TExEval_testdata_1.0 released

The terminologies can be downloaded here please note you don't have the 5 days time limit, so outputs may be uploaded before 20th december.


After the new scheduling updates from the SemEval-2015 organizers, we decided to announce the target domains before the releases of the domain terminologies (scheduled for December 5, 2014).

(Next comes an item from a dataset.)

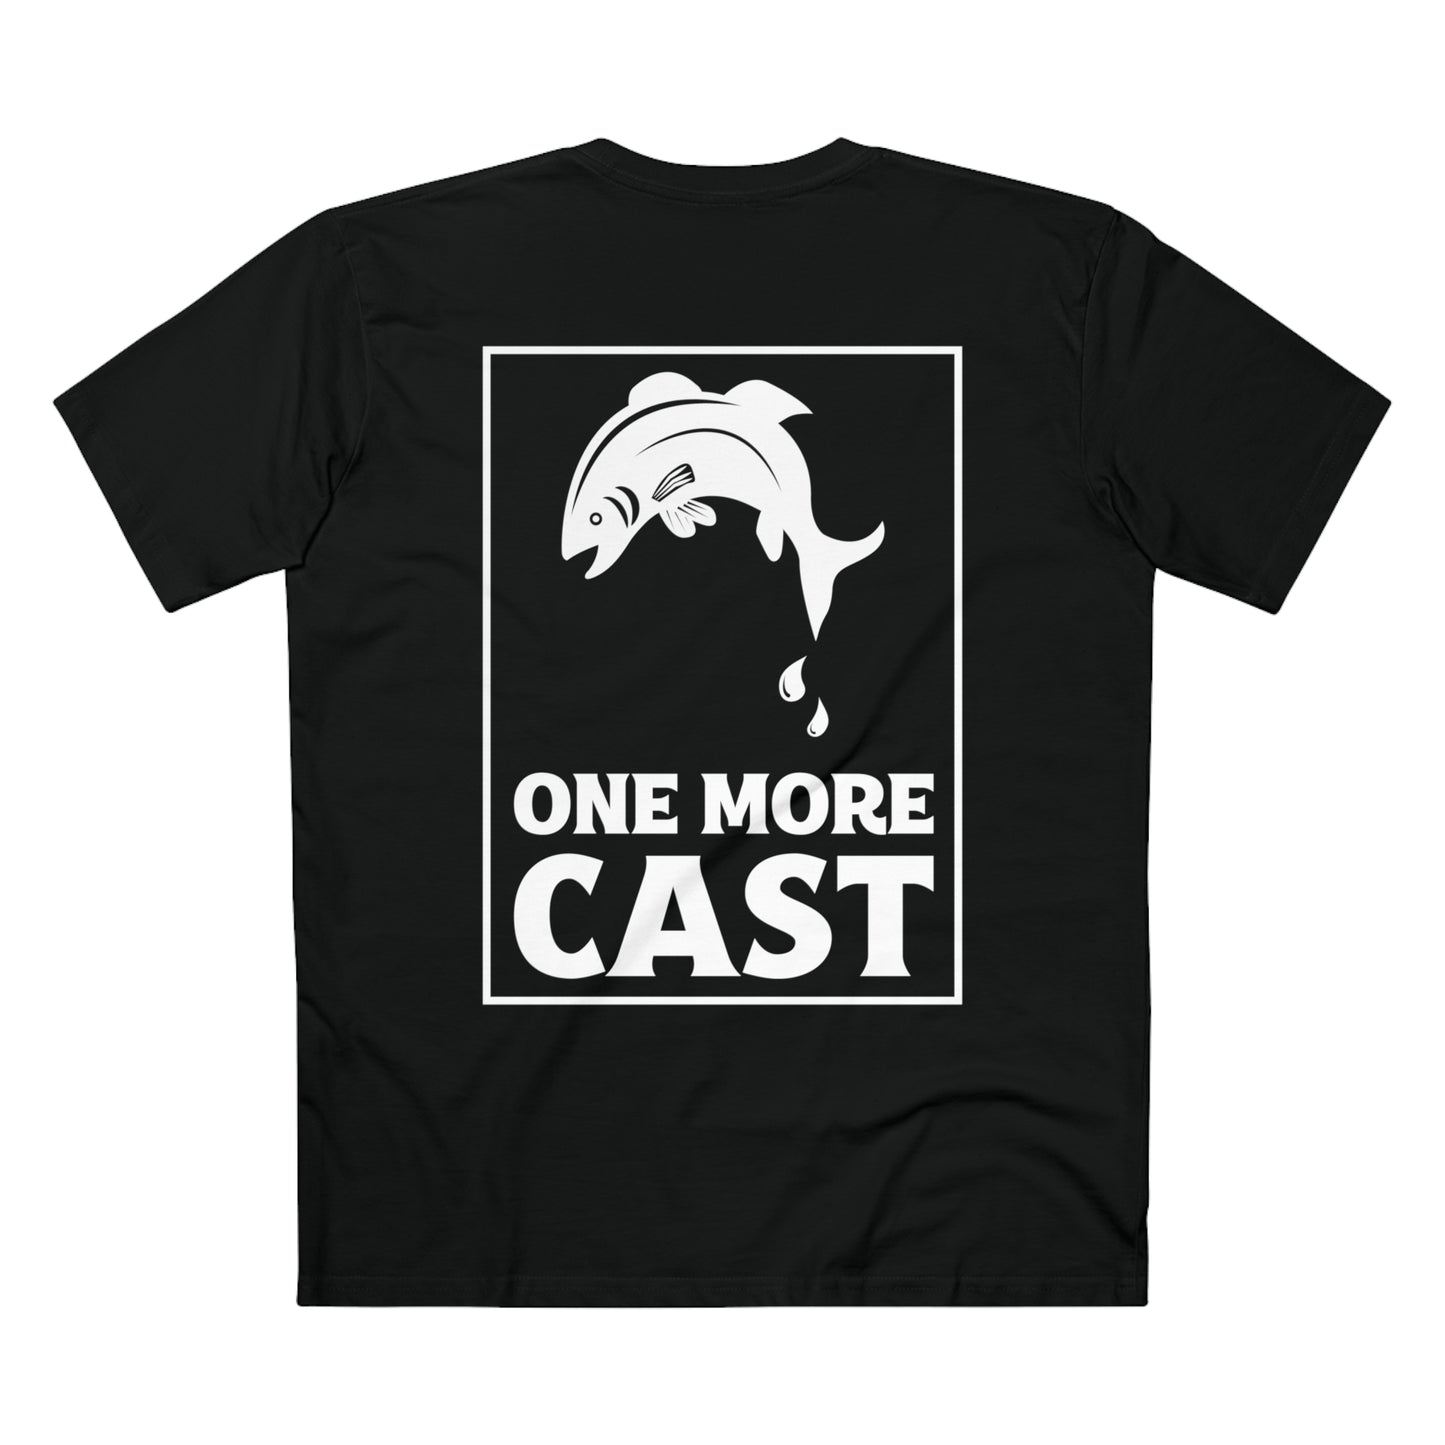 One more cast OG T-shirt (front and back)

You are invited to visit the following pages:
                        - Important Dates: for the new schedule of the task;
                        - Data and tools: for the target domains used for evaluation.

Google Group

please register to the following Google group:
https://groups.google.com/forum/#!forum/semeval-task17

 

INTRODUCTION

 

Taxonomies are useful tools for content organisation, navigation, and retrieval, providing valuable input for semantically intensive tasks such as question answering [1] and textual entailment [2]. We implemented a task concerned with automatically extracting hierarchical relations from text and subsequent taxonomy construction. A hierarchical relation is any asymmetrical relation that indicates subordination between two terms. However, in this task, the focus is on hyponym-hypernym relations.
Taxonomy learning from text is a challenging task that can be divided in several subtasks, including term extraction, relation discovery, taxonomy construction and taxonomy cleaning.
Although term extraction is an important step when constructing a domain taxonomy, this shared task makes the assumption that a list of terms is readily available. Nevertheless, participants are allowed to add additional nodes, i.e. terms, in the hierarchy as they consider appropriate. Terms will be extracted from a domain specific corpus using an existing term extraction tool, providing the participants with a list of manually filtered terms. In this way, taxonomy learning is limited to finding relations between pairs of terms and organising them in a hierarchical structure. This simplifies the evaluation by providing common ground for all the
systems. Participants are encouraged to consider polyhierarchies when organising terms, as multiple perspectives can be equally valid when organising concepts. Because nodes can have more than one parent, the final structure of the taxonomy is not necessarily a tree.

 

TASK DESCRIPTION

 

In this shared task, taxonomies are evaluated through comparison with gold standard relations collected from BabelNet [3], a multilingual semantic network built by merging WordNet with Wikipedia. Additionally, gold standard relations will be gathered from manually constructed taxonomies, classification schemes and/or ontologies, where available depending on the domain. Expert evaluation will be performed as well by pooling a subset of the relations submitted by the participants. Recall will be estimated based on the combined set of relations identified by all the systems. We will evaluate the performance of systems across domains, by considering three domains that were not previously considered for this task including commonsense knowledge as well as technical domains.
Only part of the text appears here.